Background technique
Changing voice is a kind of important voice processing technology, is widely used in interactive voice, secret communication, consumer electricity
Sub- equipment special sound effect etc..
Traditional voice is changed voice mainly using frequency modulation technology, such technology of changing voice is primarily present following technological deficiency: firstly,
Speech naturalness after changing voice is lower, while reducing intelligibility;Secondly, method of changing voice is simple, it is easy to be reverted to by people original
Voice, to influence the effect of secret communication;Finally, the complexity changed voice is higher, processing delay is larger, and real-time is limited
System.
Summary of the invention
Goal of the invention: in order to overcome the deficiencies in the prior art, the present invention provides a kind of real time digital voice and changes voice
Method, changes voice present in method following three problems the method overcome current main-stream: 1, effect naturalness of changing voice and can understand
Spend it is low, 2, change voice after voice be easy to be resumed, 3, treatment process of changing voice time delay it is higher, computational complexity is higher.

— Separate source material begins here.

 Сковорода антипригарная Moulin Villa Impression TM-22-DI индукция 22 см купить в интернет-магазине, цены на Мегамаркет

Technical solution: to achieve the above object, the technical solution adopted by the present invention are as follows:
A kind of number real-time voice is changed voice method, comprising the following steps:
Step 1, divided by sound and distinguish the voiceless sound in voice with non-voiceless sound.
Step 2, non-voiceless sound is decomposed by linear prediction, and raw tone is divided into two portions of former base sound and channel model
Point.
Step 3, former base sound is adjusted according to actual needs, be can be and is changed fundamental frequency, changes fundamental frequency pace of change
Deng.
Step 4, the Pitch Information in fundamental tone adjusted and particular person fundamental tone library is compared, finds out and is best suitable for requirement
Pitch signal.
Step 5, Pitch Information is reconstructed and optimized, revised pitch signal is obtained.

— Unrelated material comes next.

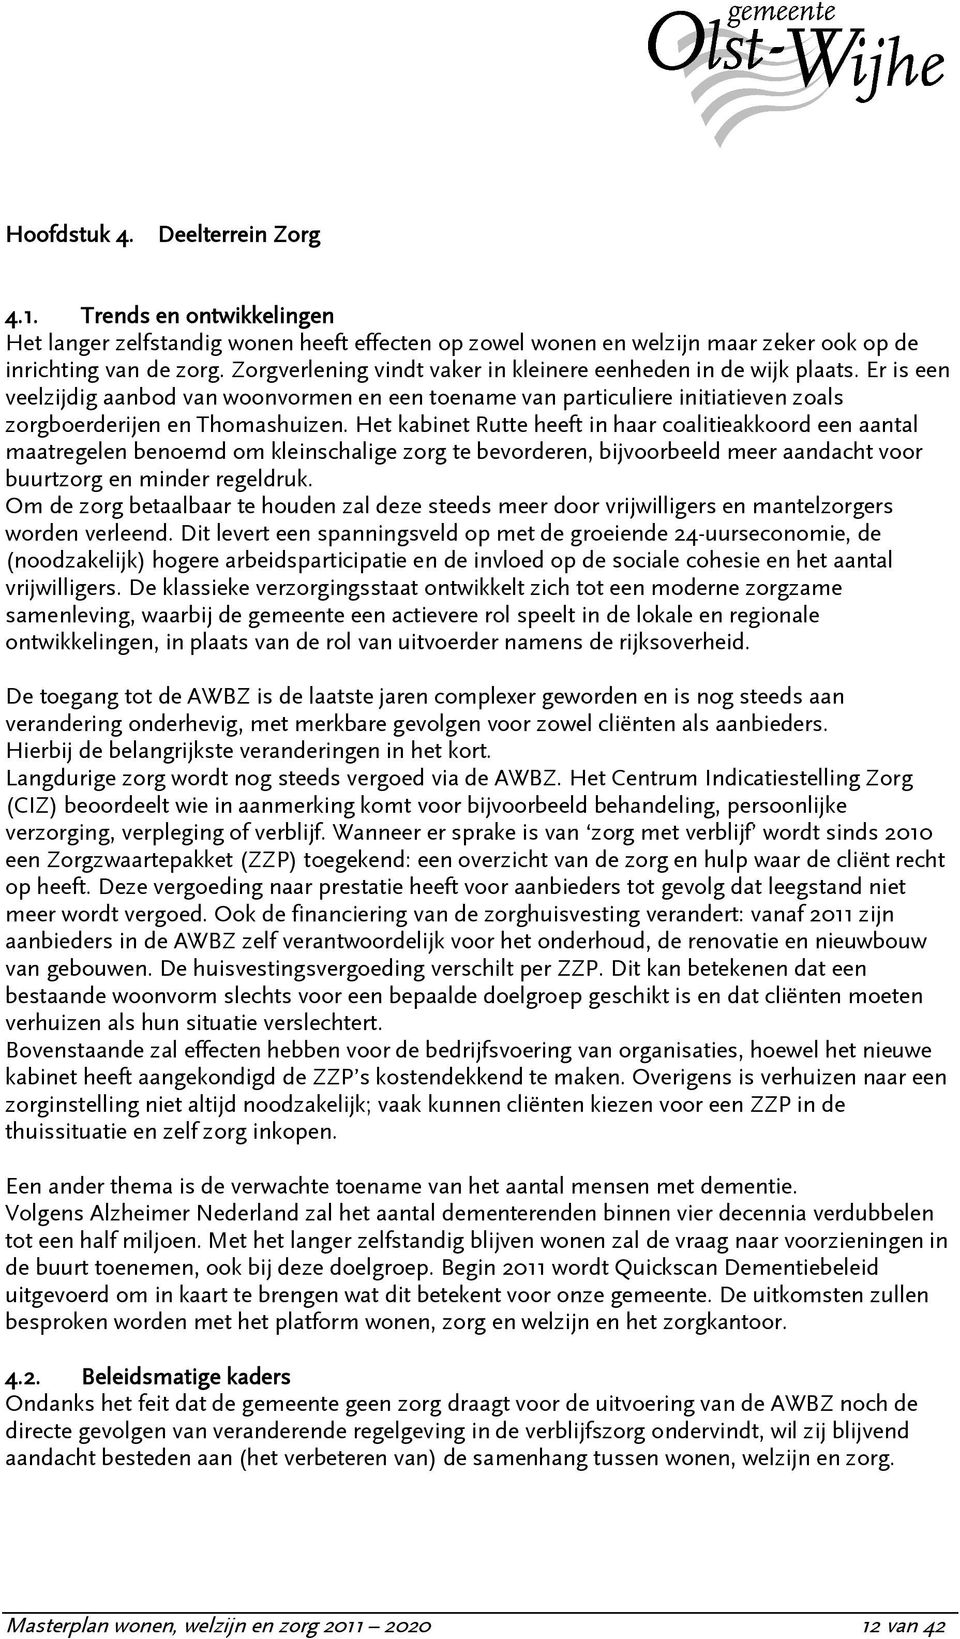 Het kabinet Rutte heeft in haar coalitieakkoord een aantal maatregelen benoemd om kleinschalige zorg te bevorderen, bijvoorbeeld meer aandacht voor buurtzorg en minder regeldruk.

Step 6, fundamental tone and channel model carry out speech synthesis after amendment, form the non-Unvoiced signal after changing voice.
Step 7, original Unvoiced signal and non-Unvoiced signal are integrated, forms voice signal adjusted.
Preferred: particular person fundamental tone library mostlys come from the content that the voice of particular person is analyzed and extracted, including
The pitch signal of particular person corresponding common syllable and word during the pronunciation process.
Preferred: passing through linear prediction in step 2 for speech decomposition is two parts of channel model and former base sound, wherein
Channel model parameter retains, the speech synthesis for the later period.
It is preferred: former base sound adjusted being compared with all pitch signals in particular person fundamental tone library, passes through phase
Closing property compares, pattern match or machine learning method, obtains the most similar pitch signal segment.
Preferred: particular person fundamental tone library is stored in cloud system, while utilizing dedicated real-time retrieval system.
It is preferred: to be realized using DSP and ARM system.
Preferred: DSP realizes sound segmentation, linear prediction function, extracts the former base sound of non-Unvoiced signal.
Preferred: fundamental tone adjusted and channel model are synthesized non-Unvoiced signal by DSP, and further with original voiceless sound mould
Type is overlapped, and forms the voice signal after changing voice.
The present invention compared with prior art, has the advantages that
1, it is of the invention change voice during used in Pitch Information all from fundamental tone extracted in natural-sounding,
Rather than upconversion operation is directly carried out to voice, so speech naturalness and intelligibility are guaranteed.
2, the voice fundamental information after the present invention changes voice completely eliminated original language entirely from the sound bank of particular person
Characteristic information in sound signal, so being not easy by other system reducings.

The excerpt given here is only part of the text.